• [To do]: When you copy the entries, match them exactly and omit the pictures.

• [Recorded data]:
[Start of section]

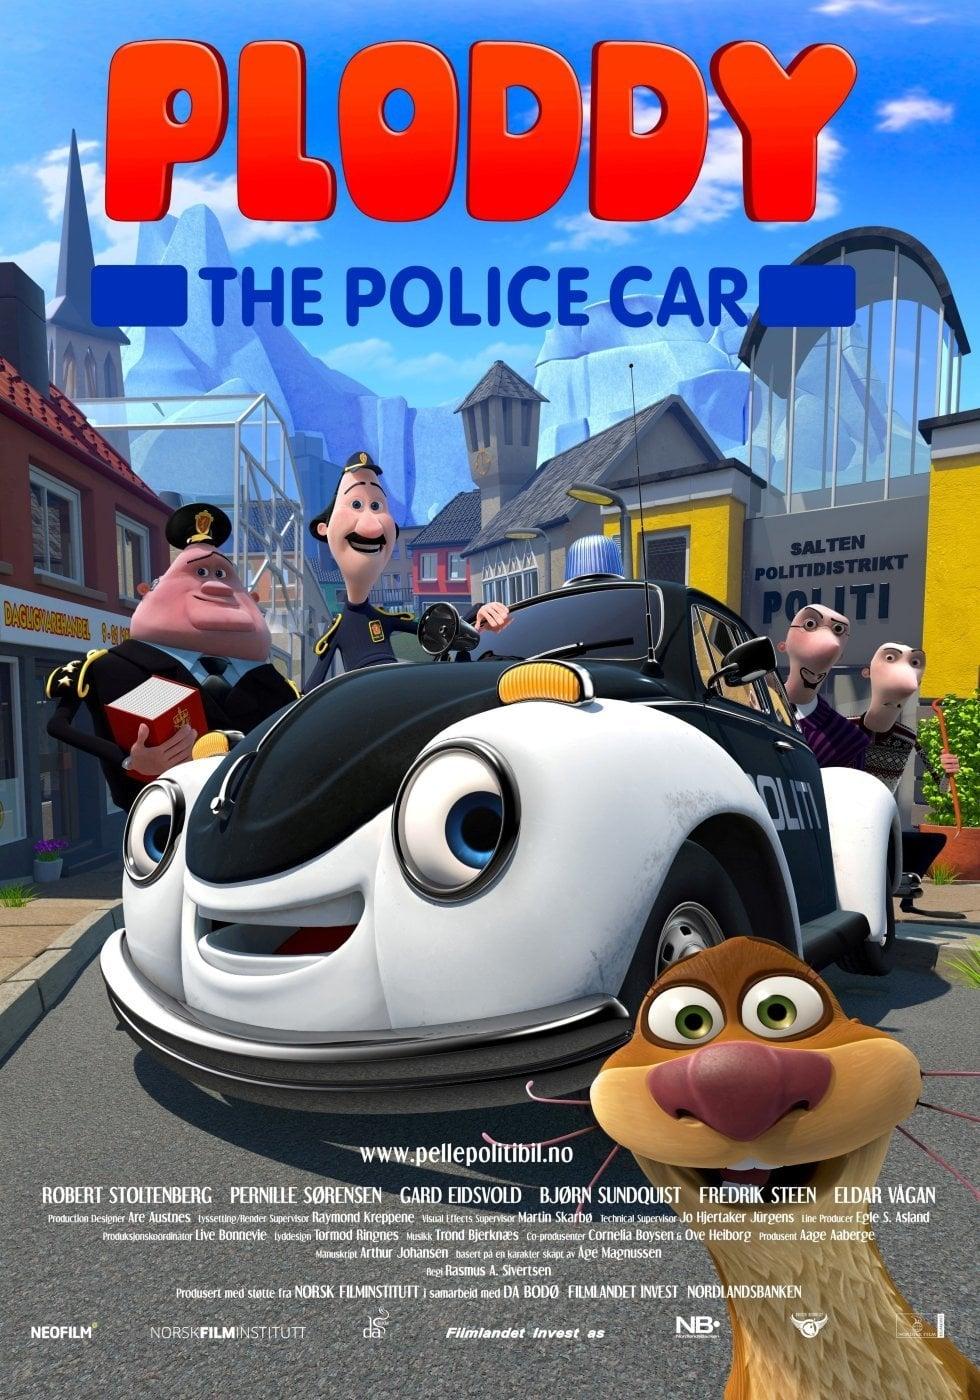 Ploddy the Police Car Makes a Splash
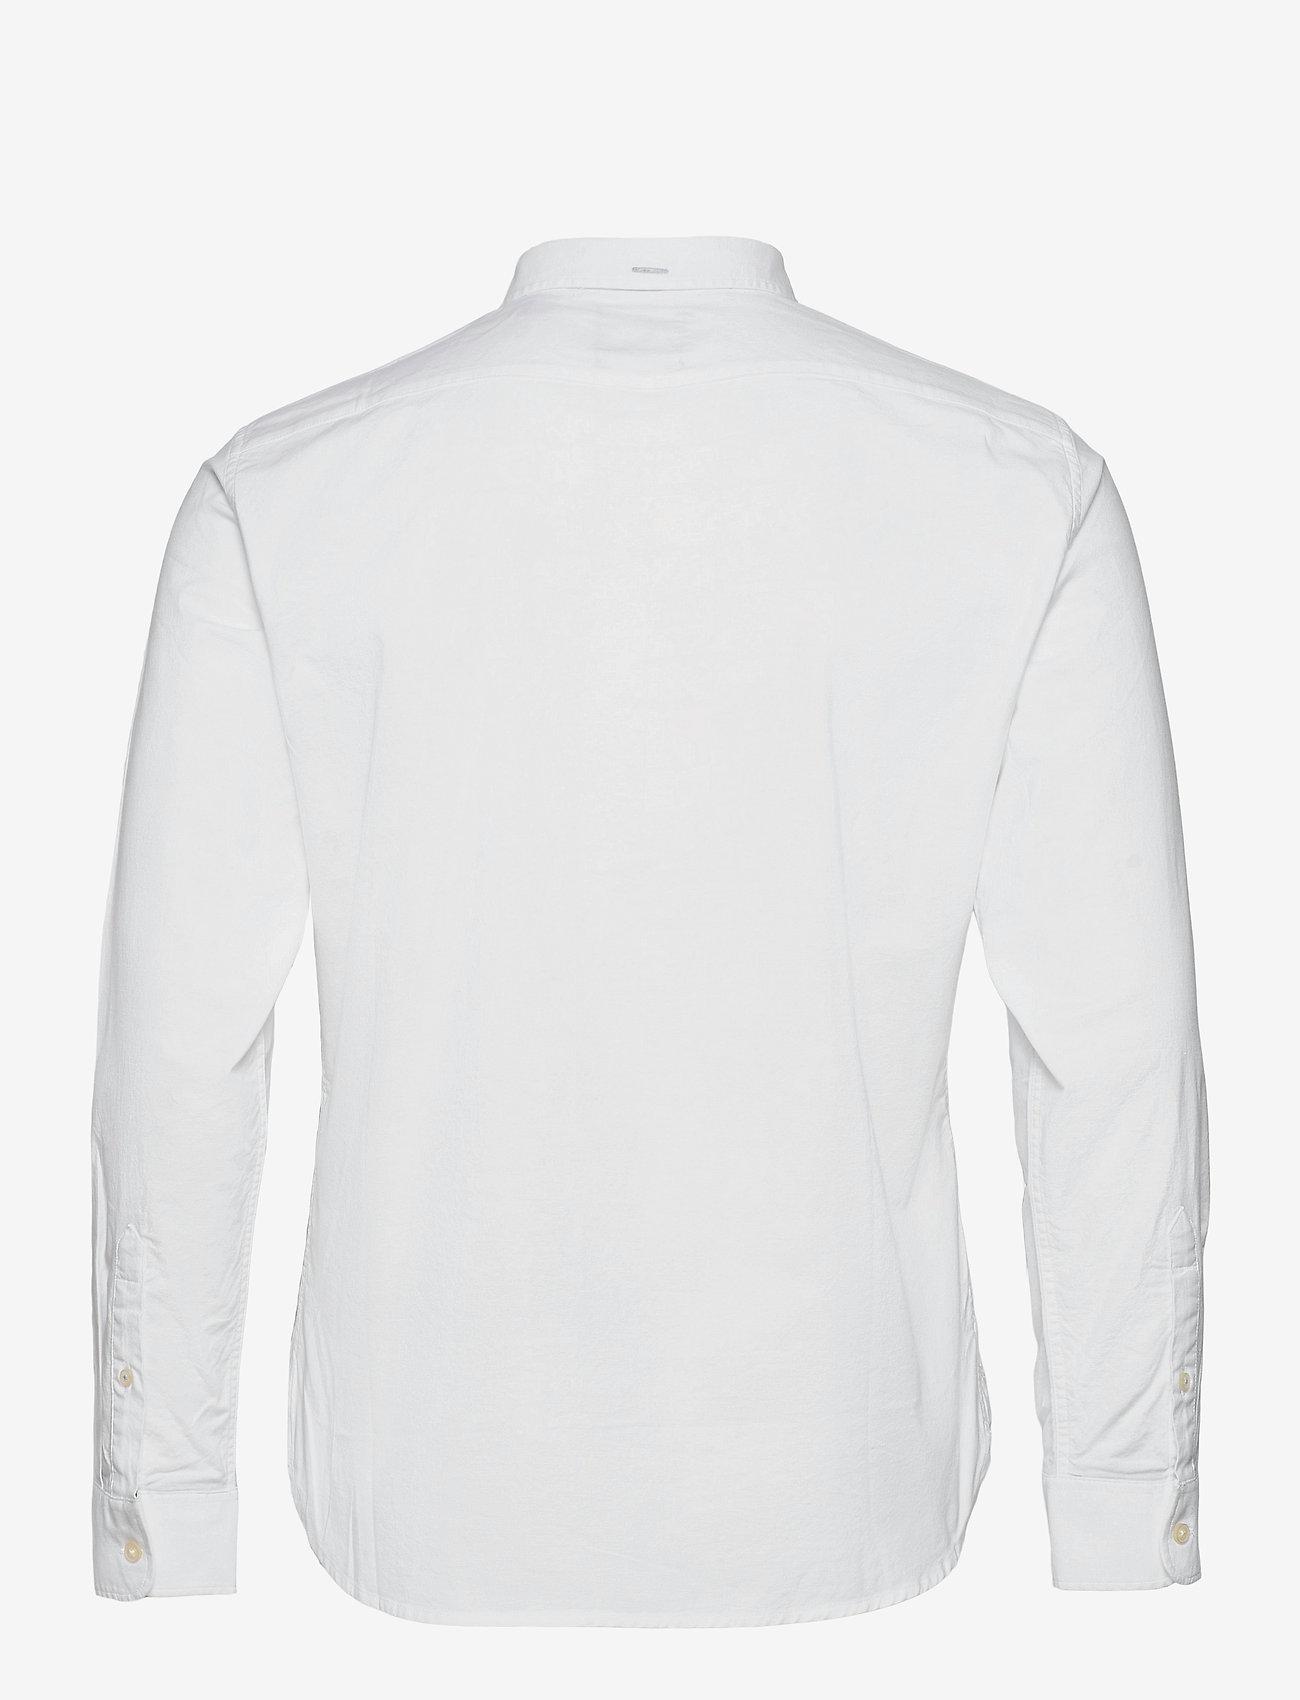 Dockers - OXFORD 2.0 PAPER WHITE - podstawowe koszulki - neutrals - 1
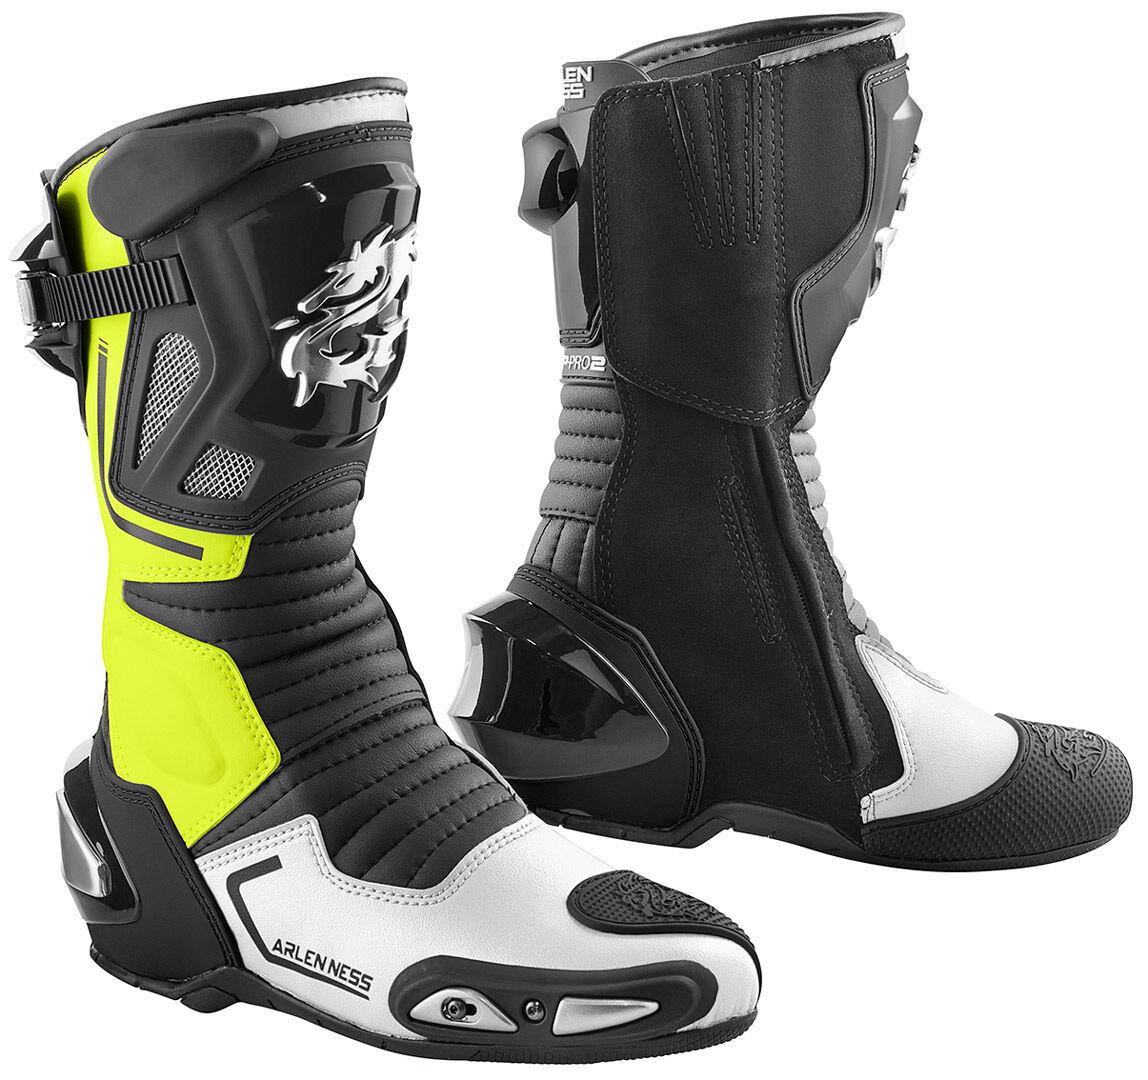 Arlen Ness Sugello Bottes de moto Noir Jaune taille : 40
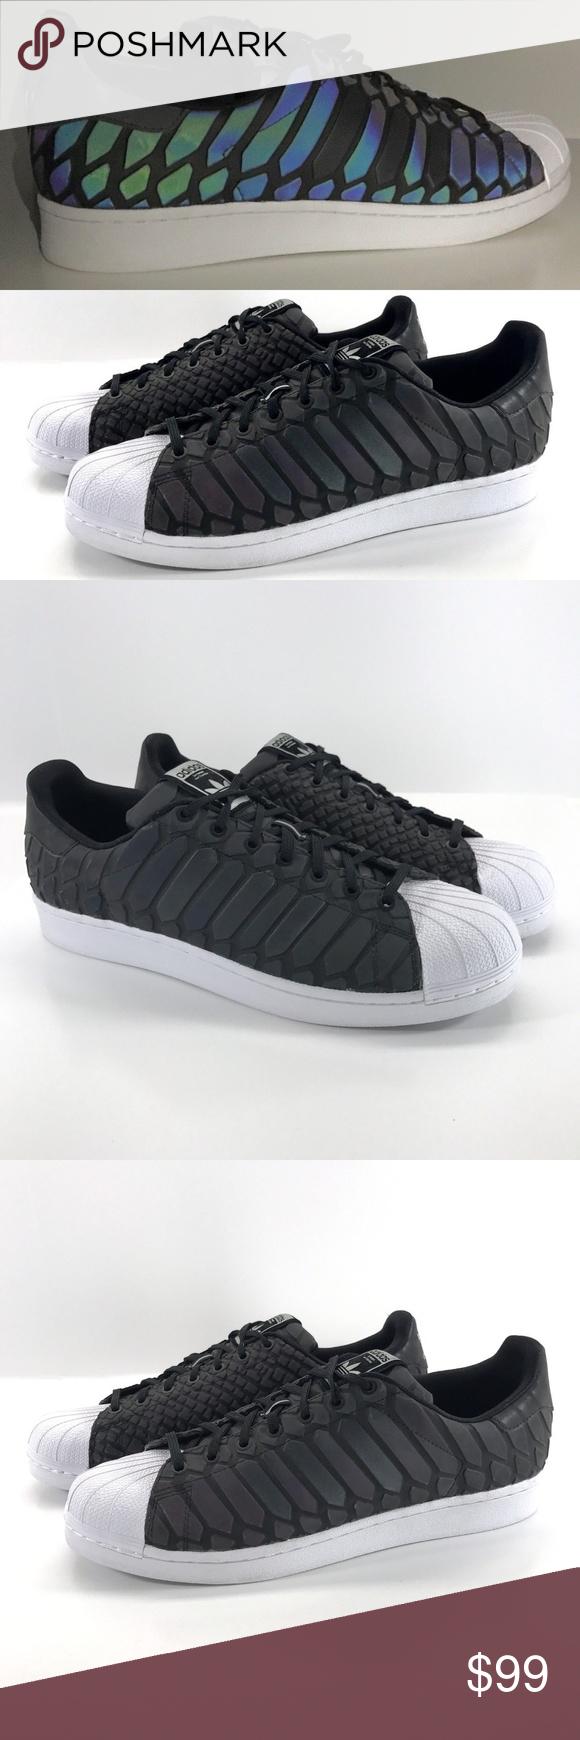 aa186d09fdb Adidas Superstar Xeno Prism 3M D69366 Reflective Adidas Superstar Zeno Men s  Size 12 Black White Lace
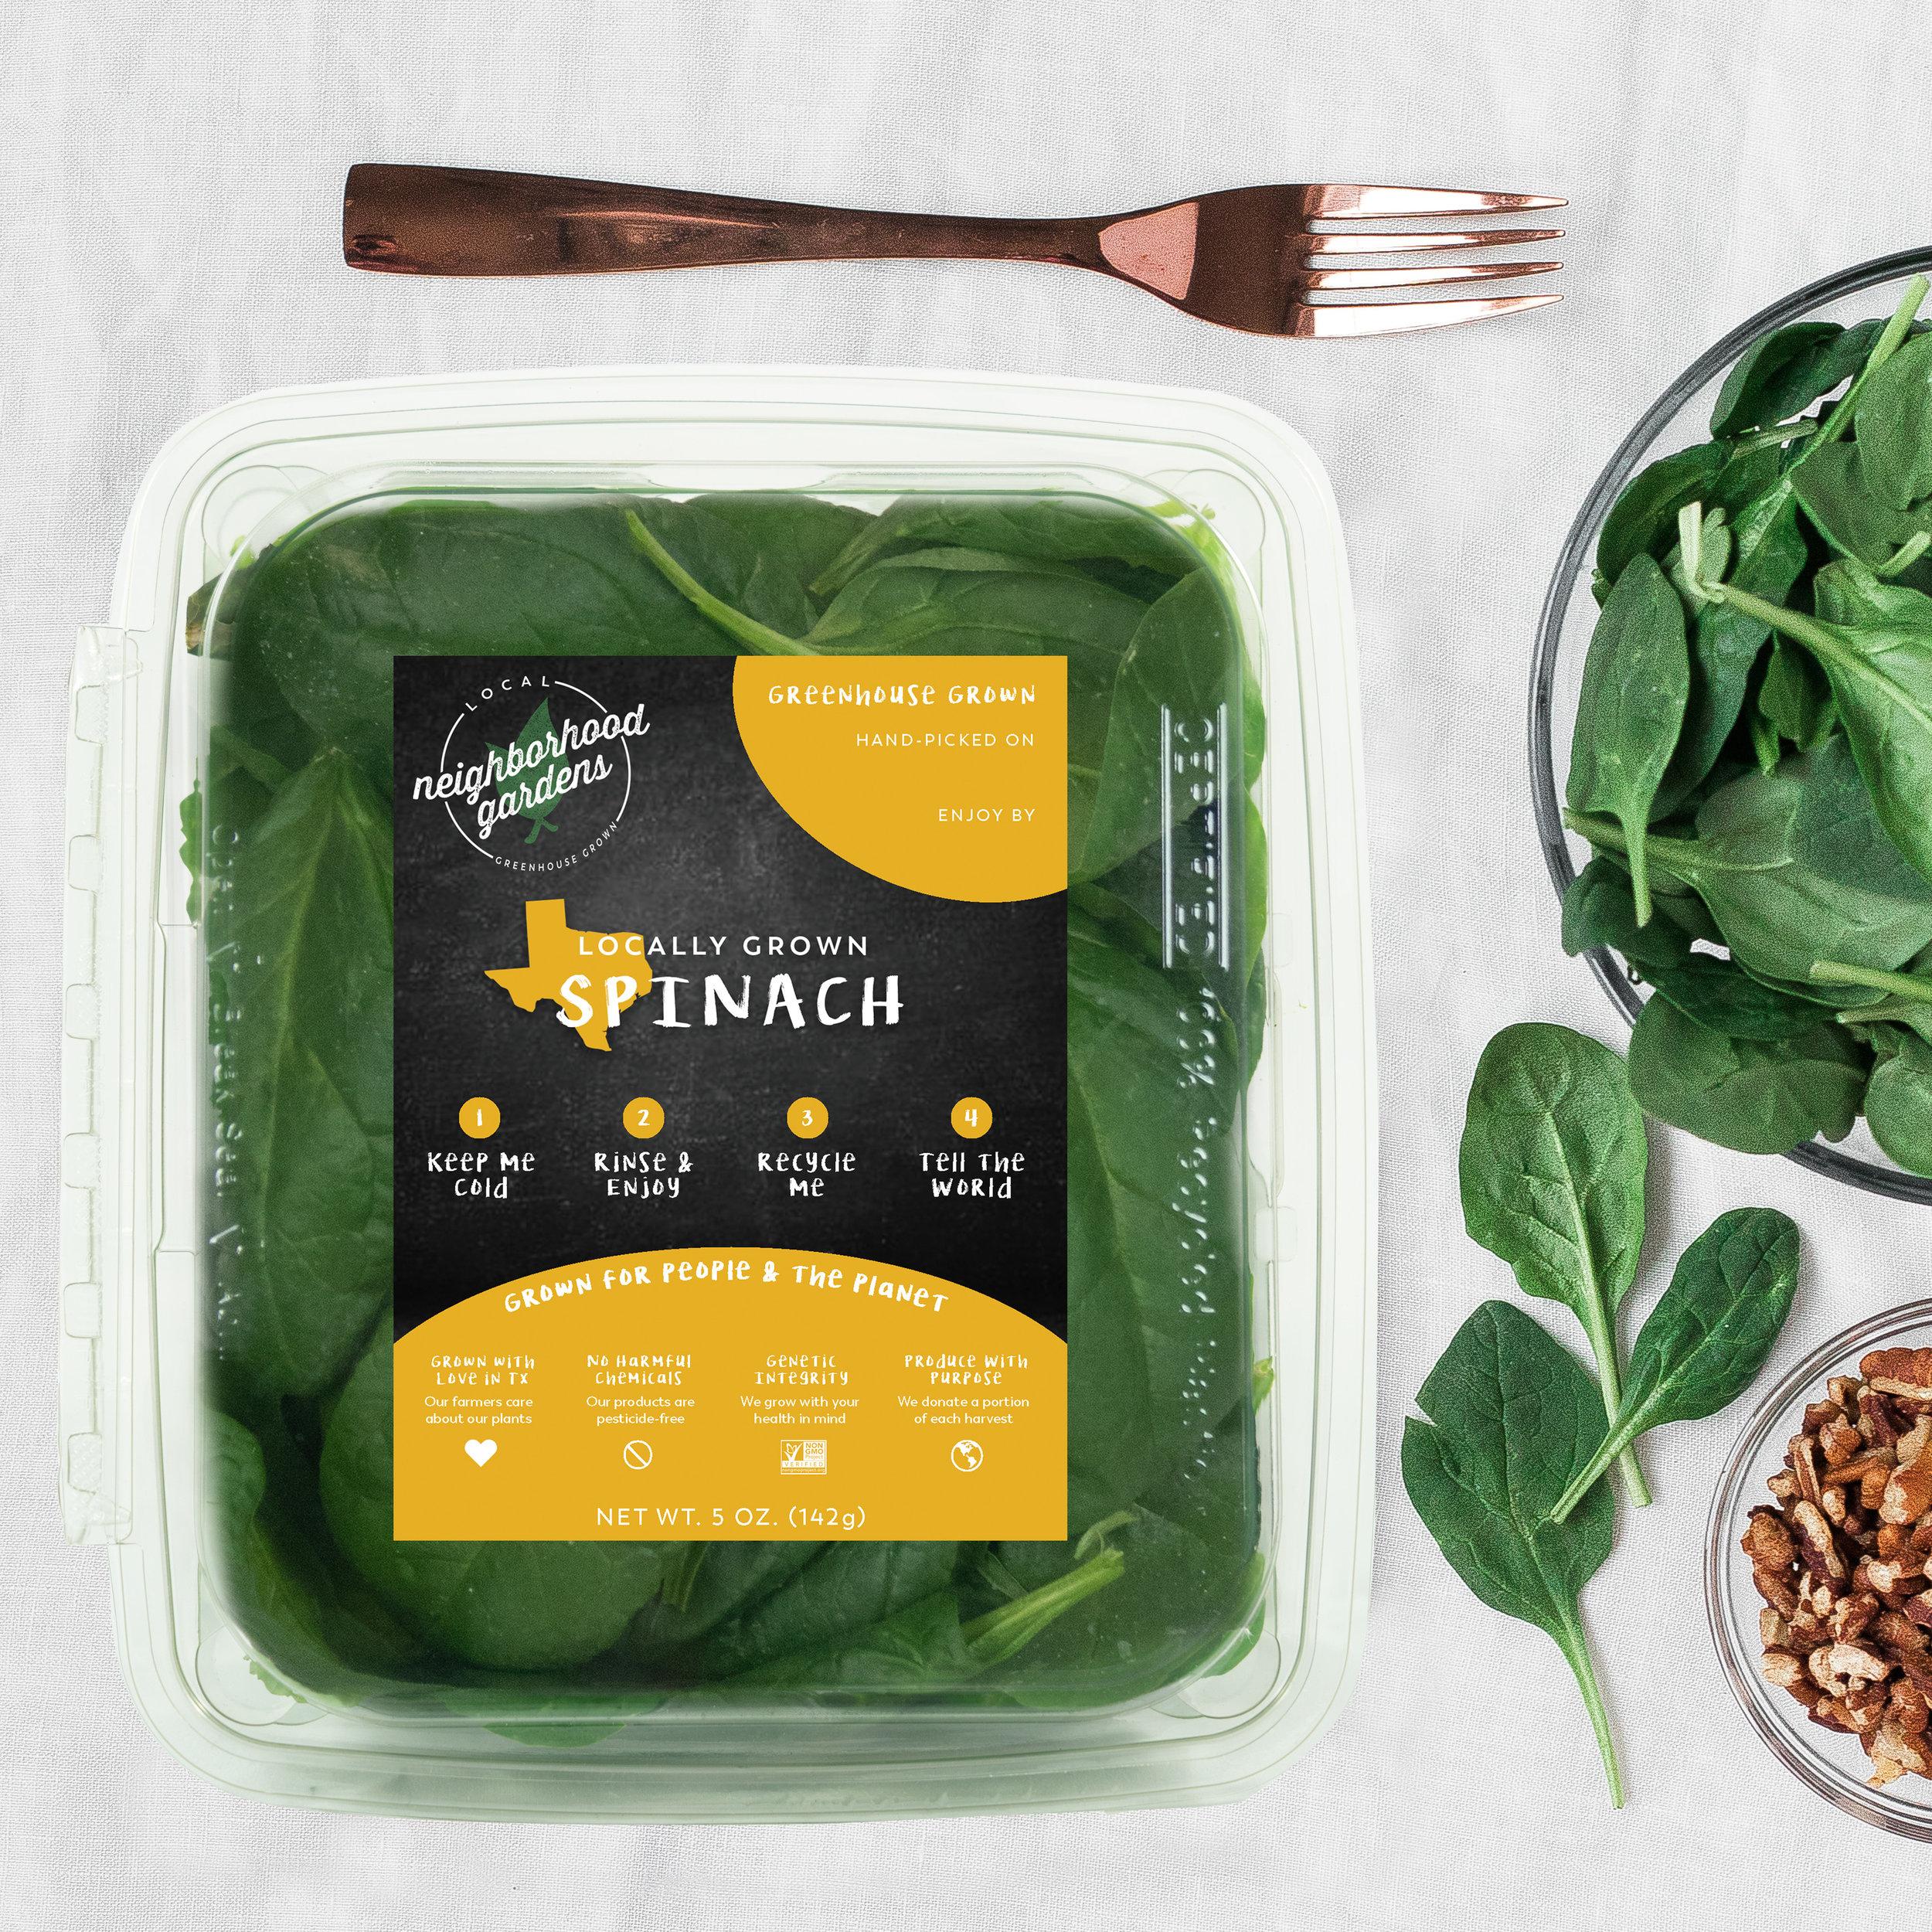 spinach promo 4.jpg

[End of section]

• [Answer area]:
 Ploddy the Police Car Makes a Splash
 Dockers - OXFORD 2.0 PAPER WHITE - podstawowe koszulki - neutrals - 1
 Arlen Ness Sugello Bottes de moto Noir Jaune taille : 40
 aa186d09fdb Adidas Superstar Xeno Prism 3M D69366 Reflective Adidas Superstar Zeno Men s  Size 12 Black White Lace
 spinach promo 4.jpg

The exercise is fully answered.